__Work to complete__: After finding "gdp口径_光大证券 省级GDP暗藏玄机 环保督察负面影响在缩小(2)" in the material below, output its line and every line after it through the last, exactly, but not the pictures.

─── Provided material

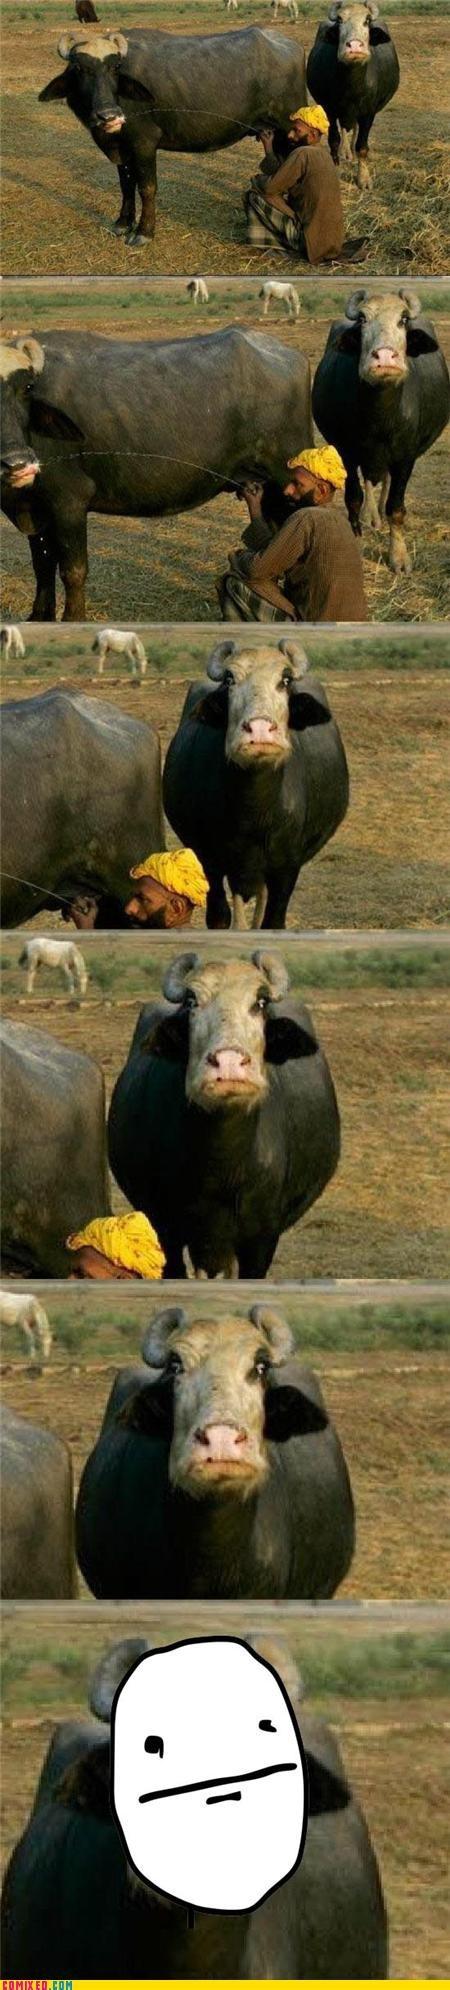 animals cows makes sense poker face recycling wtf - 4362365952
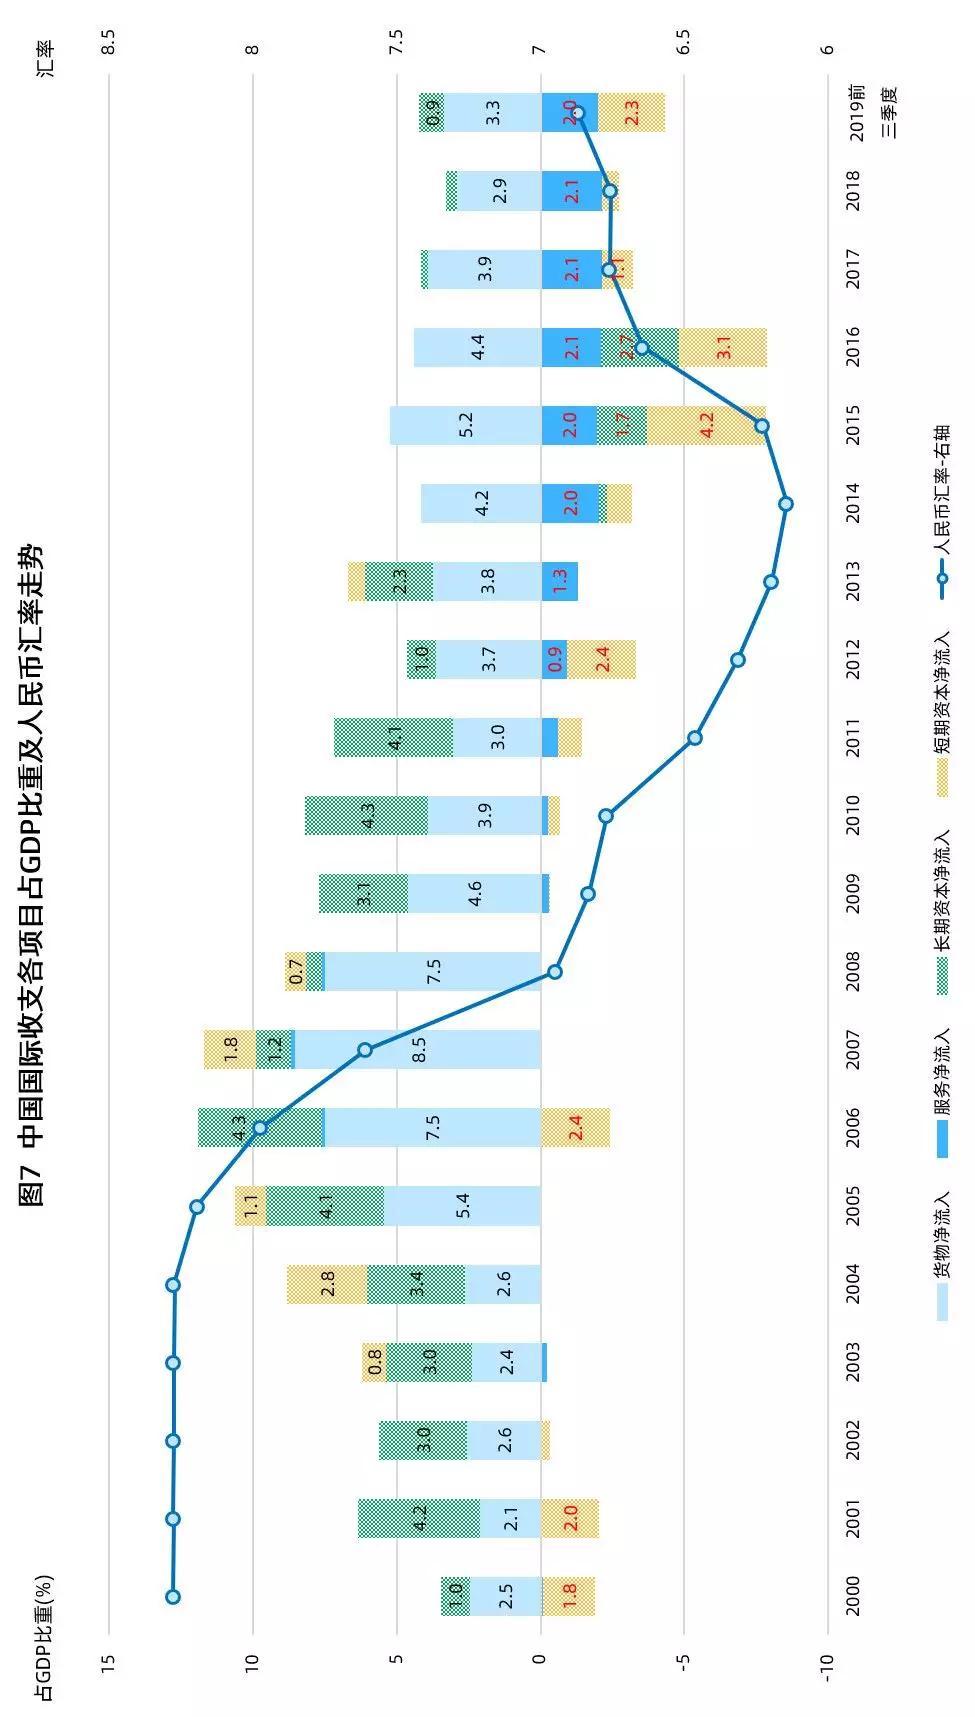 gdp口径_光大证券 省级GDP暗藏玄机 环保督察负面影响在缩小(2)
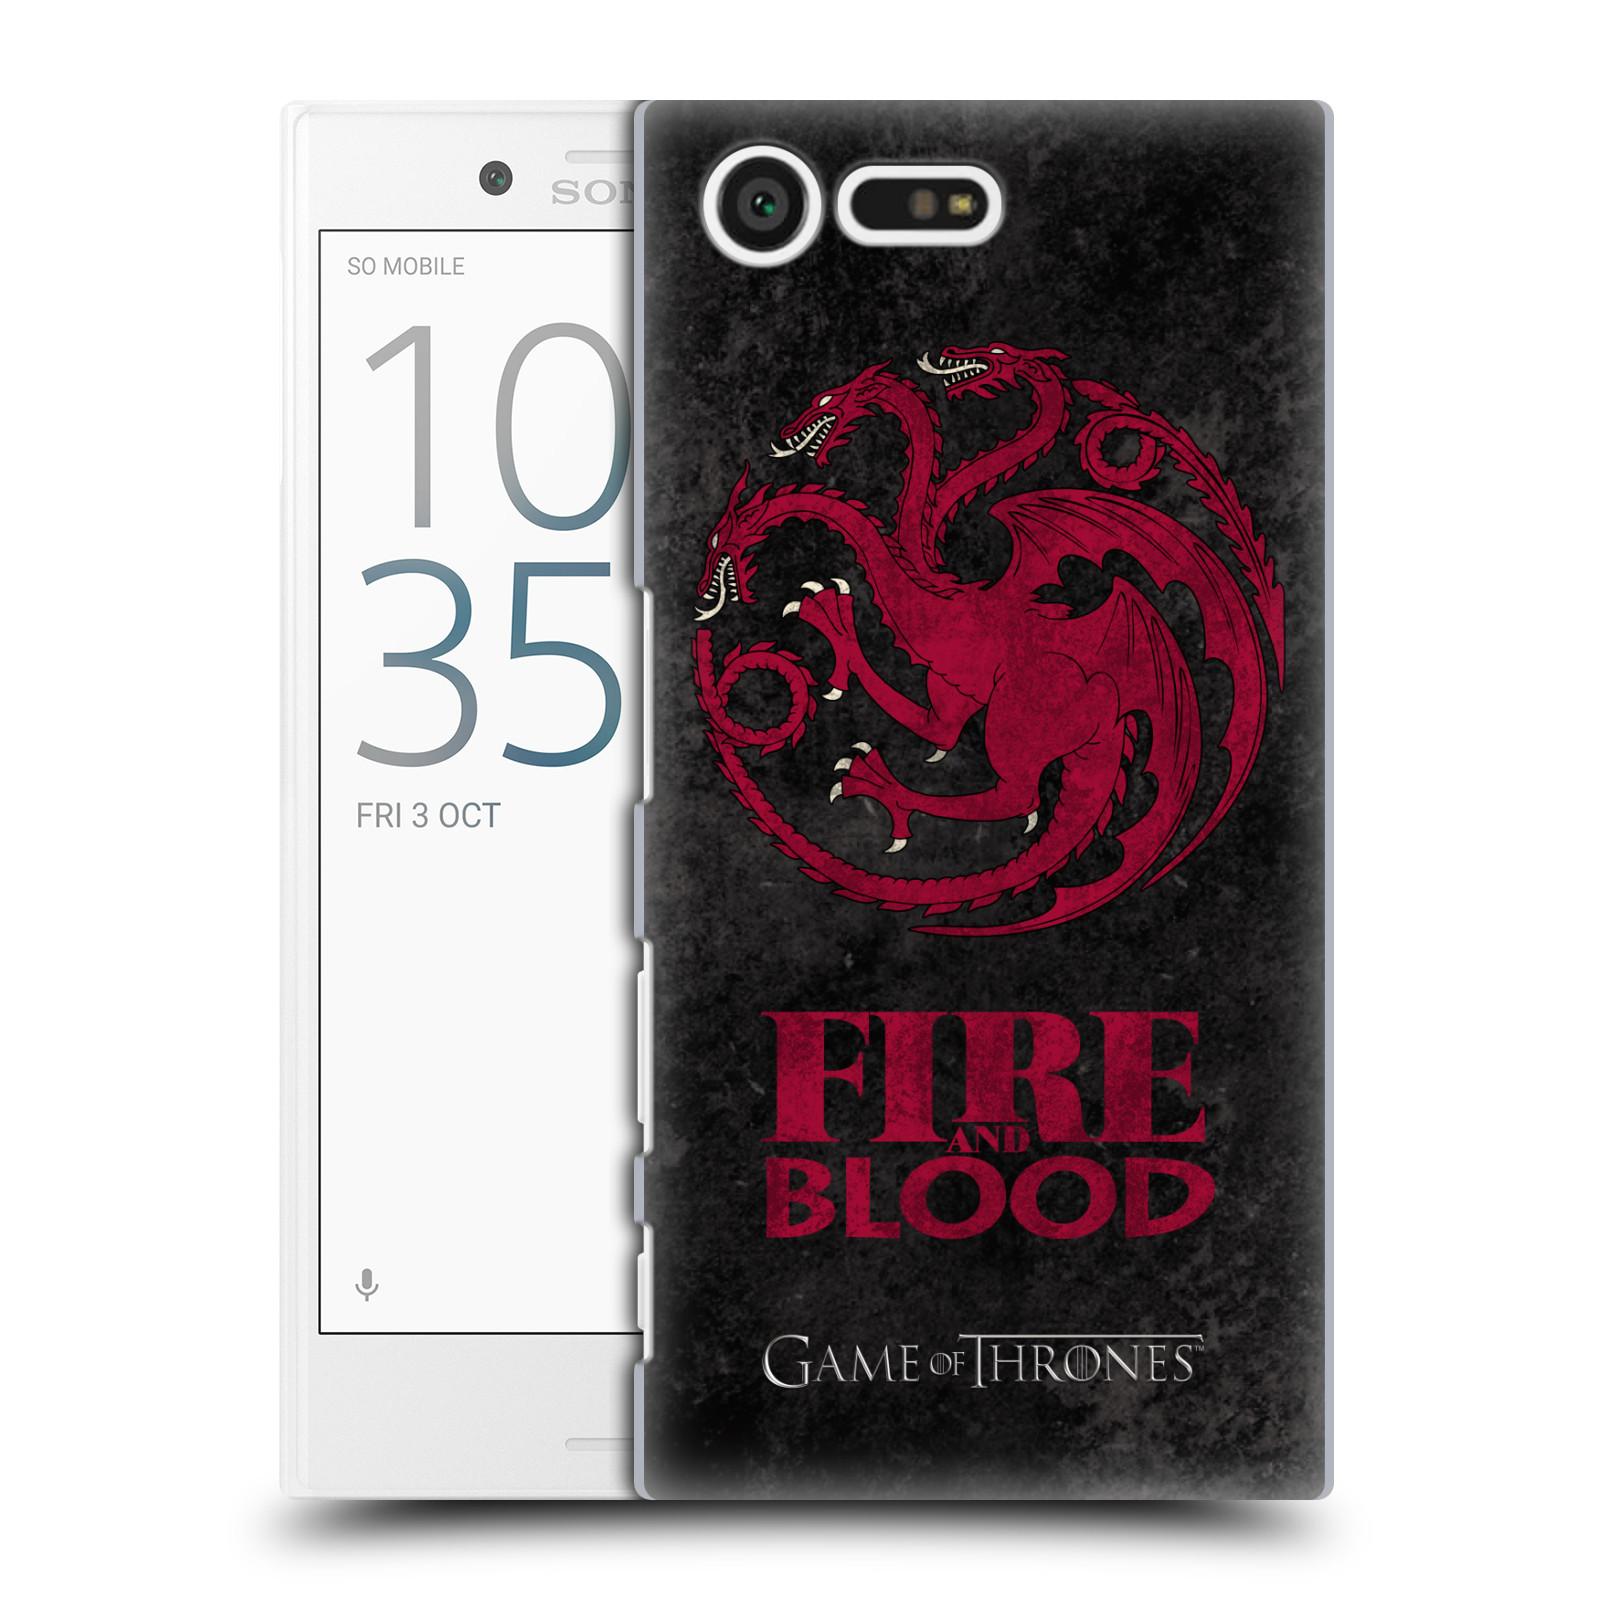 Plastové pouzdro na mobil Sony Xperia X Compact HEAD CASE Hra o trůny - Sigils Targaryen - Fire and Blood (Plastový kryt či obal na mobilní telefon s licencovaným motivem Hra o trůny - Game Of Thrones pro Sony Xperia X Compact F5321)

──────

__Answer area__:
 gdp口径_光大证券 省级GDP暗藏玄机 环保督察负面影响在缩小(2)
 Plastové pouzdro na mobil Sony Xperia X Compact HEAD CASE Hra o trůny - Sigils Targaryen - Fire and Blood (Plastový kryt či obal na mobilní telefon s licencovaným motivem Hra o trůny - Game Of Thrones pro Sony Xperia X Compact F5321)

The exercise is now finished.